Congressman Rubén Hinojosa was also asked if immigrants fleeing El Salvador, Guatemala and Honduras in record numbers should be classified as refugees. The Mercedes Democrat said: “I do not want to get into definitions of terms – whether it is refugees or unaccompanied minors. The point is, when you deal with children you have to give it a very, very high priority and that is exactly what we as members of Congress are doing. We are putting aside many of the other priorities we have and are coming here to see it for ourselves and to see the children, to see the parents that are accompanying some of them. We call them family units. No question about it, it is very, very saddening to see a facility that is prepared to handle 350 to 400 of these folks, unaccompanied minors, and the facility has 1,000.”
Congressman Bennie Thompson is a Democrat from Mississippi. He is the ranking member of the House Committee on Homeland Security. Asked about the refugee classification, Thompson said: “The short term problem is the children are coming and we have to address it. As the Congressman (Vela) just said, we have to treat our young people in a manner that we all can feel proud about.
“So, whatever the definition is, they are here and what we have to do is work through the process of a solution.

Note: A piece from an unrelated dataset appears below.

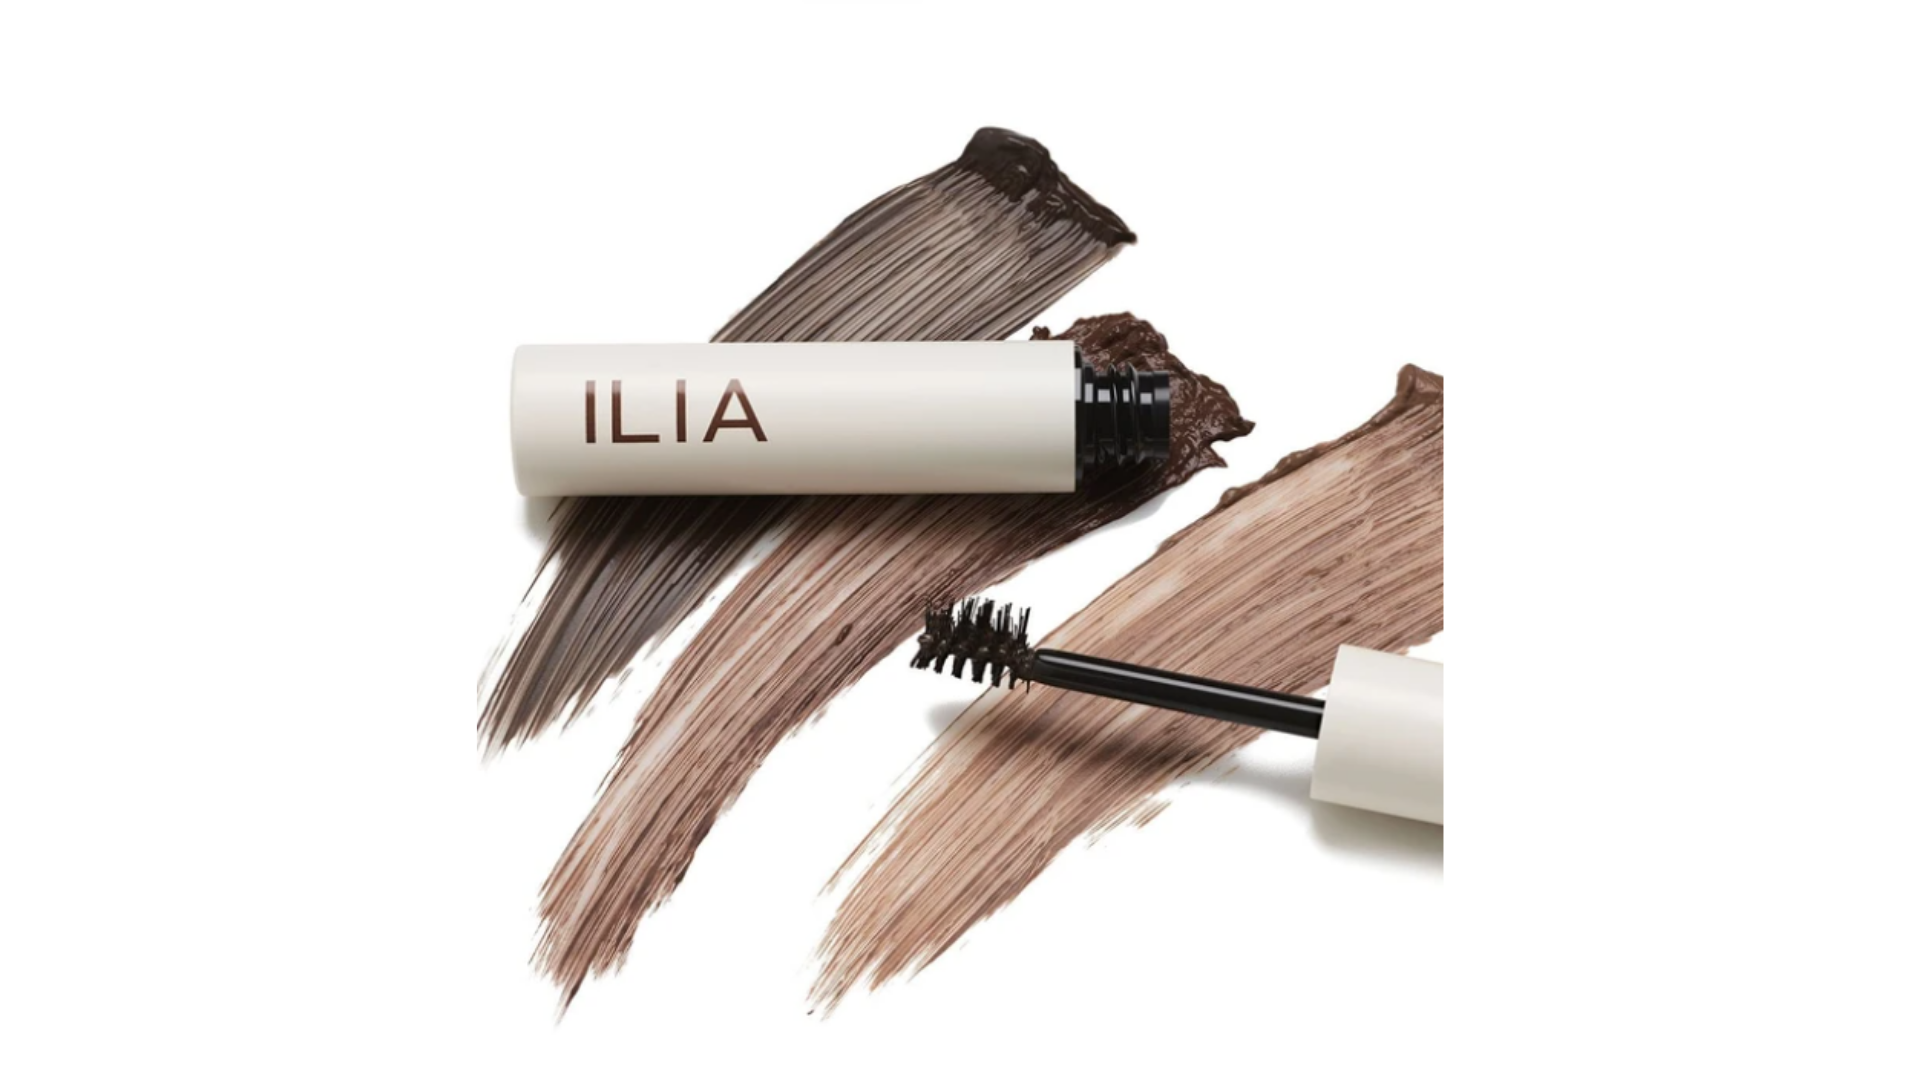 ILIA Complexion Brush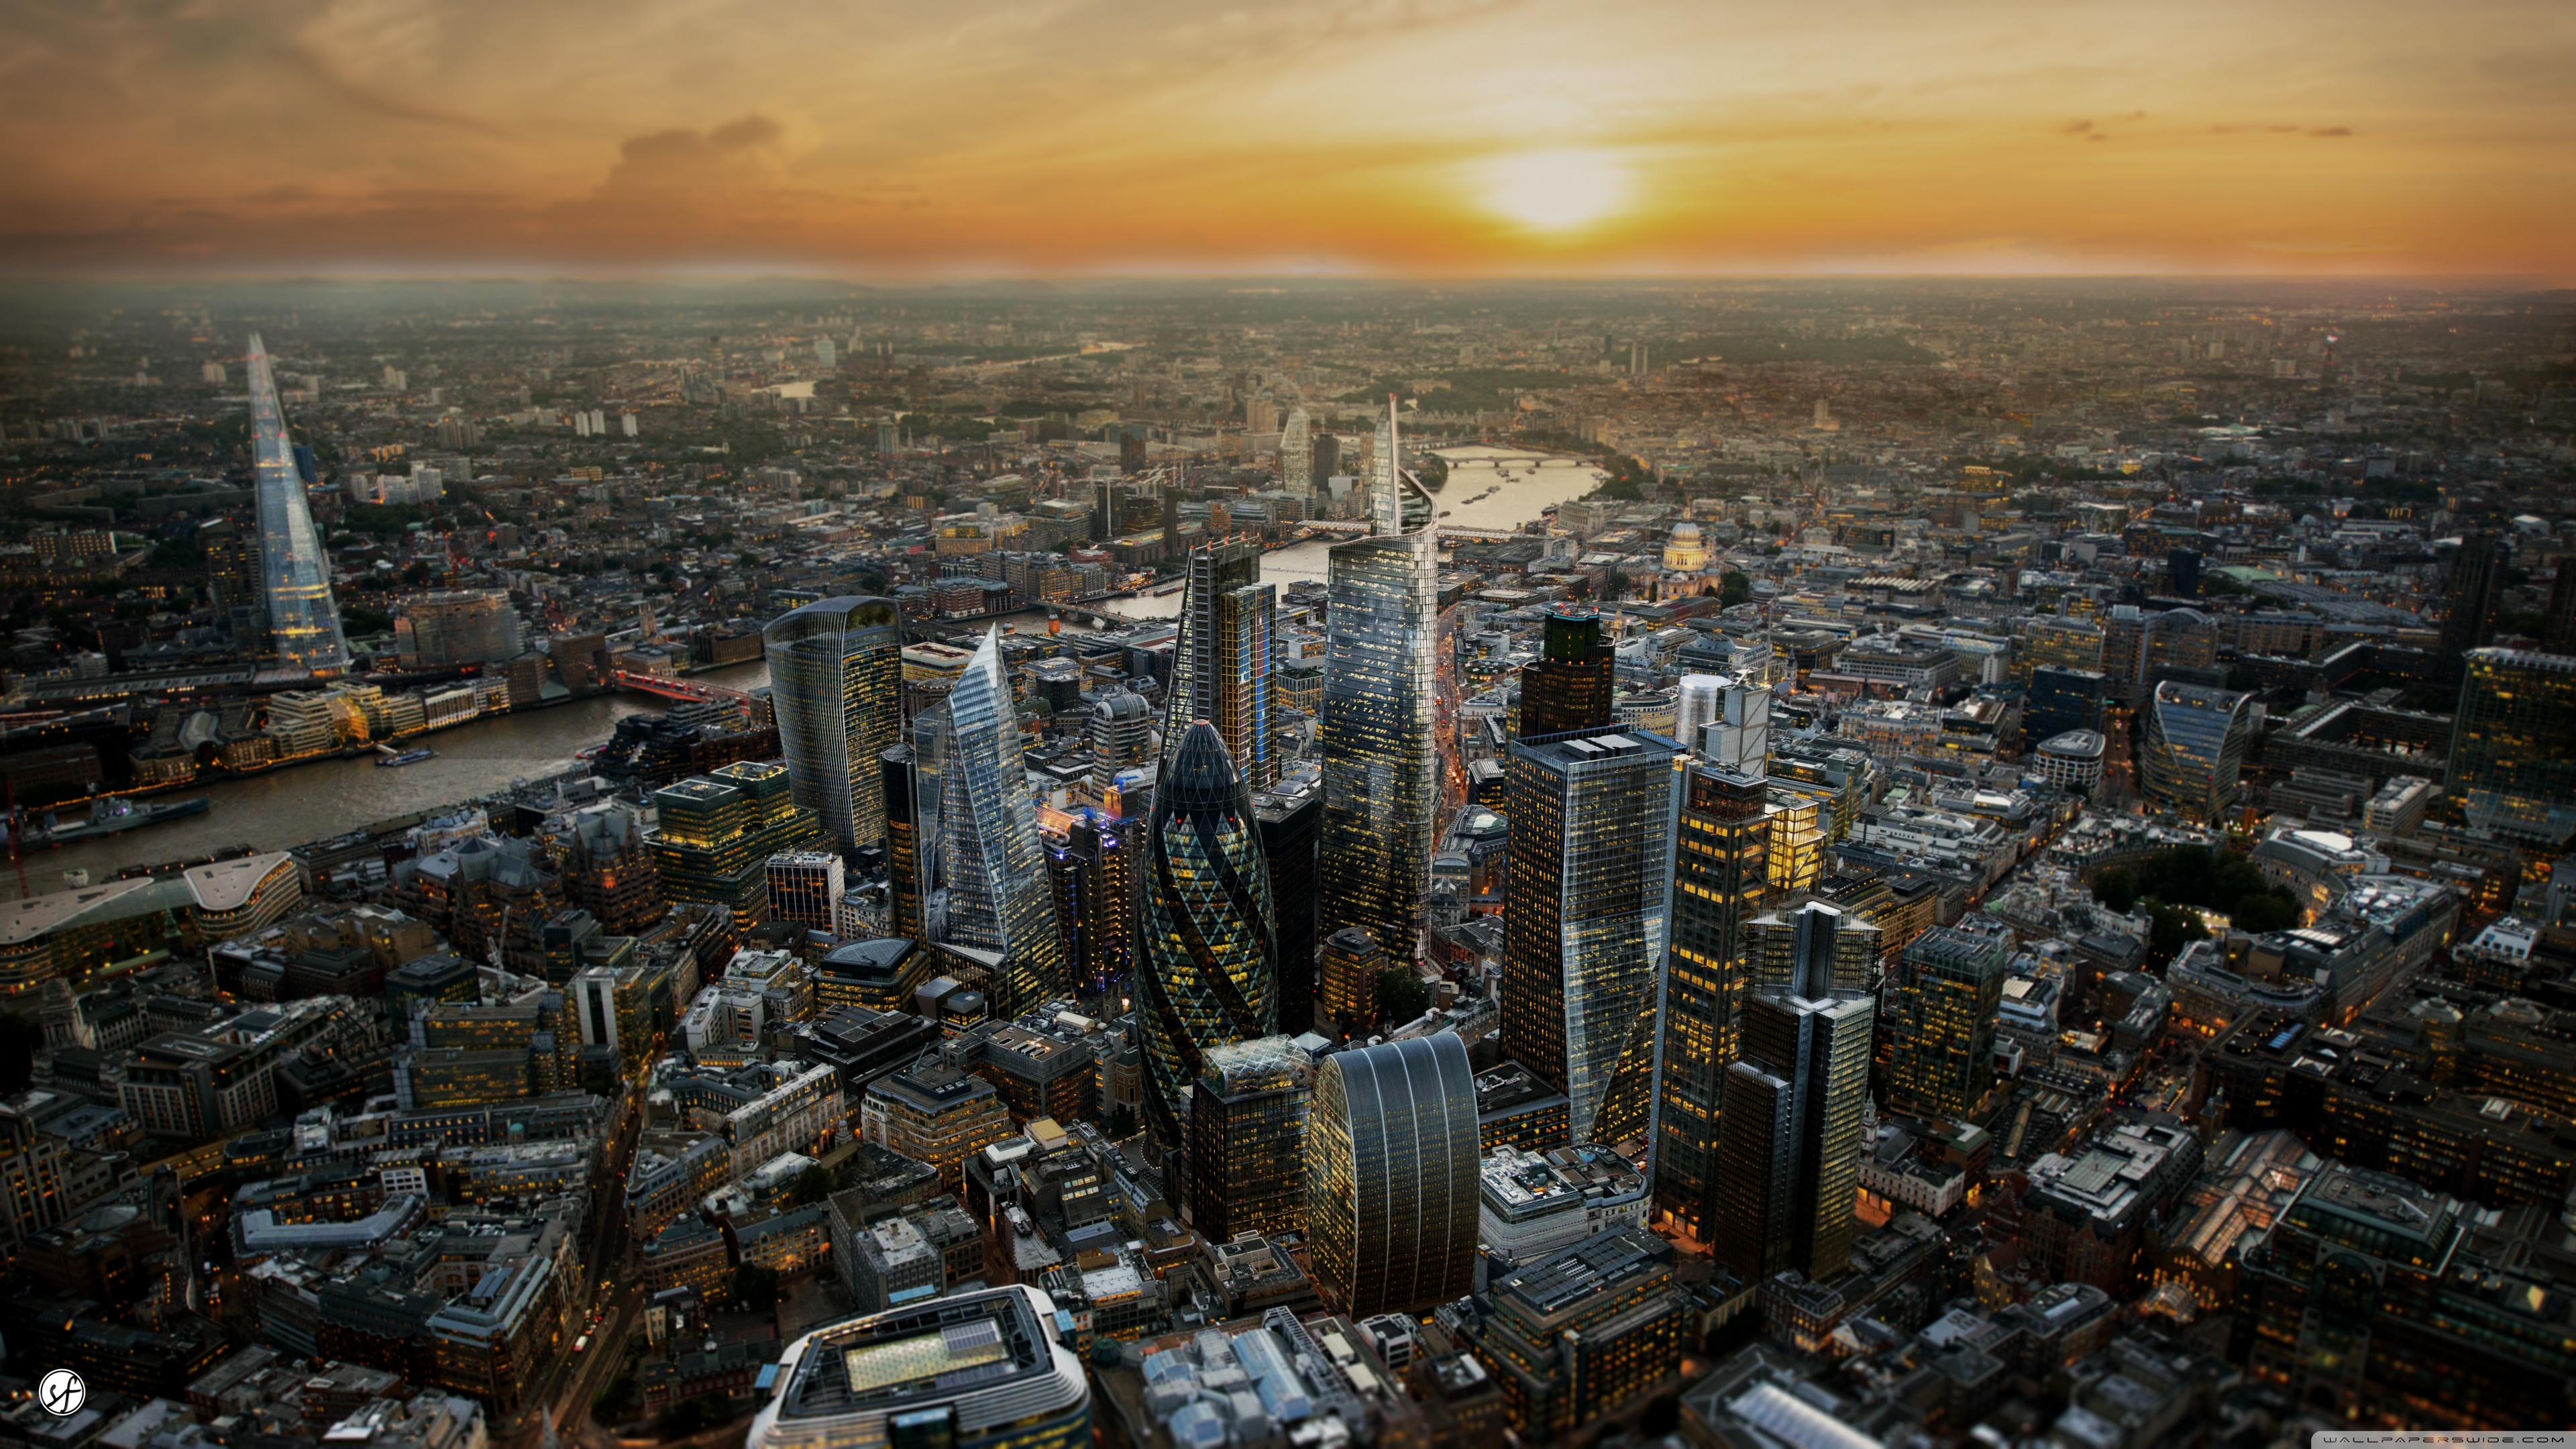 ロンドンの壁紙,都市の景観,首都圏,市街地,市,空中写真

Long term we have to work with the (Central American) countries to say do the best you can to prevent anyone from just coming to this country illegally but that is a long term solution. It is a problem to address over time.
“What I saw this morning, on the faces of the young people, we have to help them. As the ranking member on this committee I will do that but I also support the policy of saying to those countries, you have to do a better job of educating your people that what they are being told and the reasons to come to the U.S. are not the reasons that really happen.”